YOUR TASK: With the pictures omitted, transcribe each line below exactly as it is.

GIVEN INFORMATION:
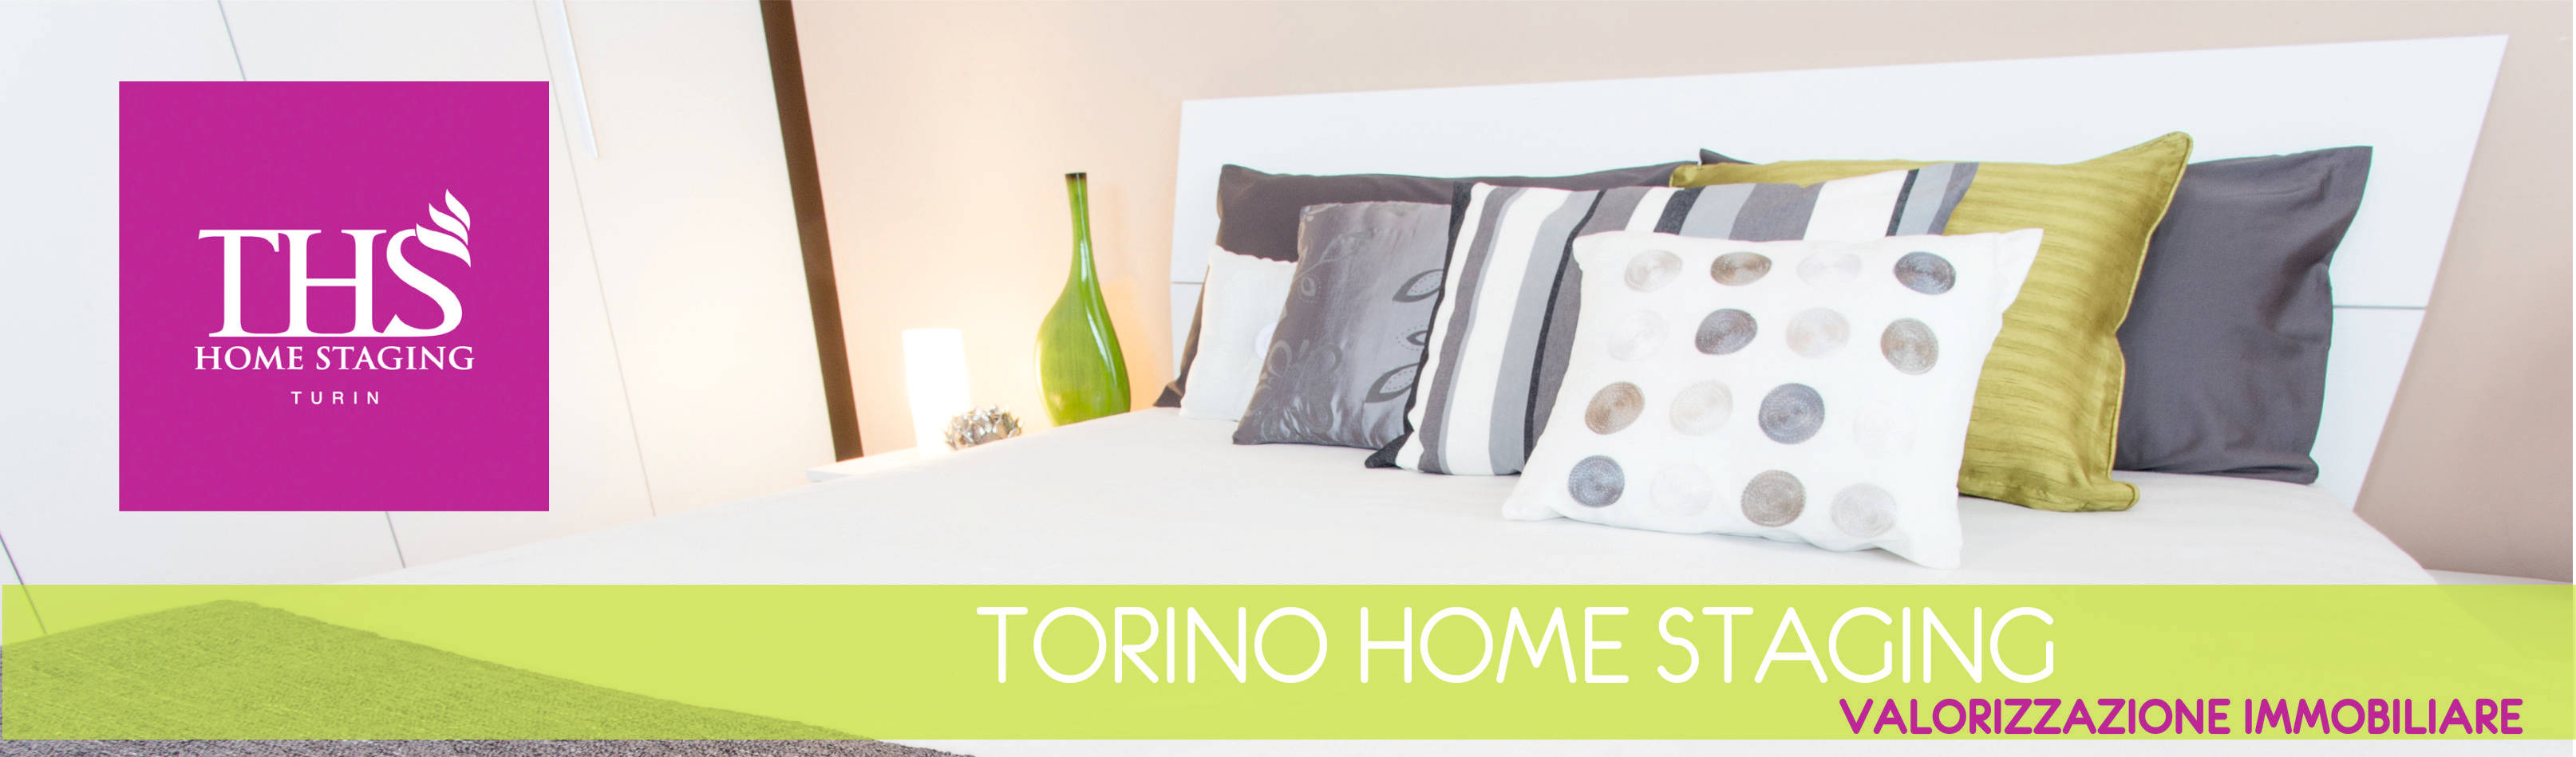 THS Torino Home Staging
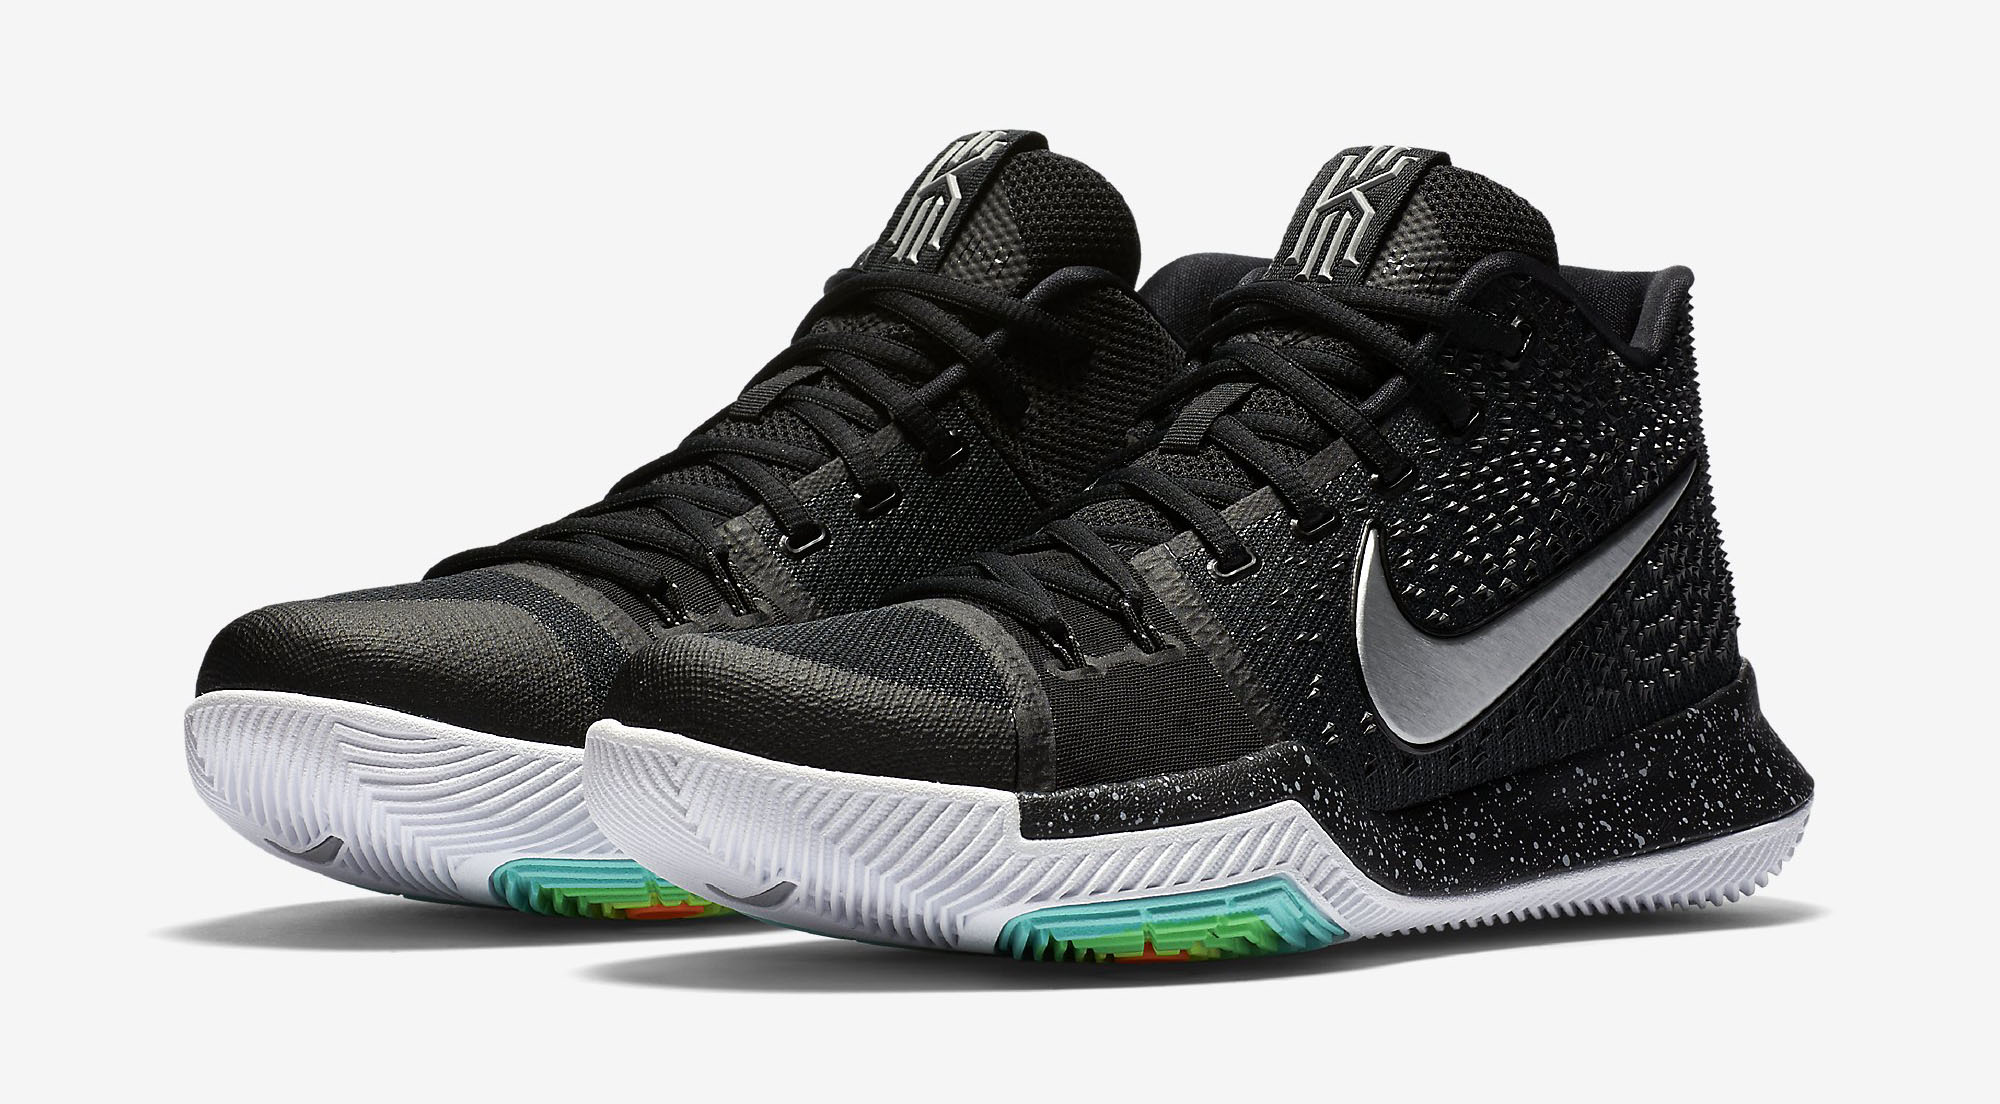 kyrie 3 shoes black and gold
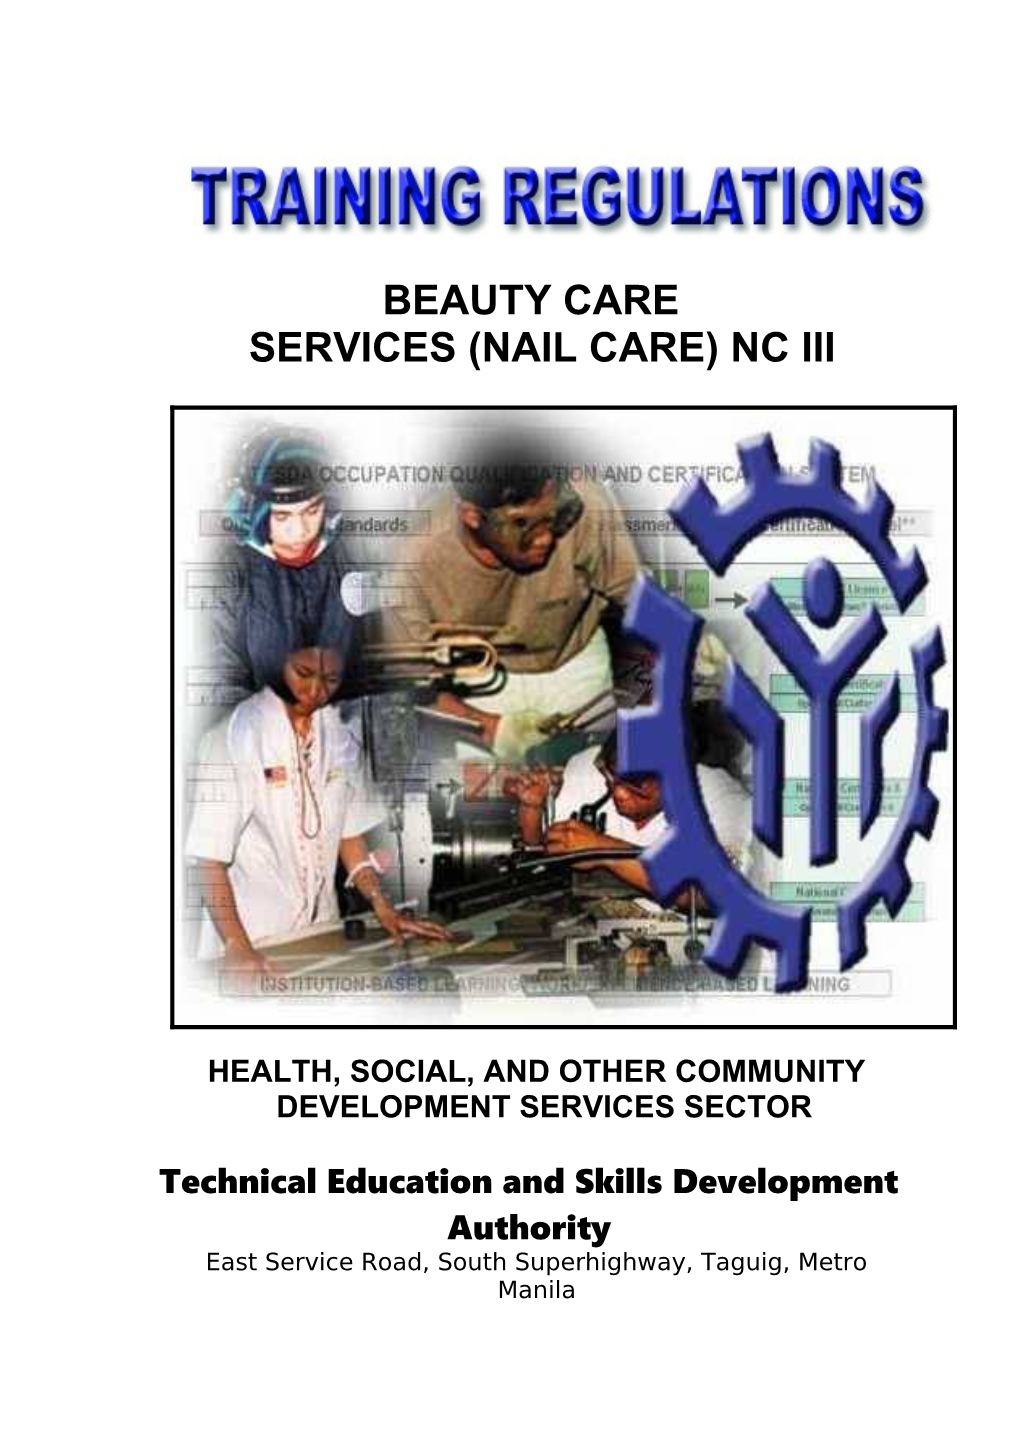 Services (Nail Care)Nc Iii

RESULT OF THIS TASK:
 THS Torino Home Staging
 kyrie 3 shoes black and gold
 Services (Nail Care)Nc Iii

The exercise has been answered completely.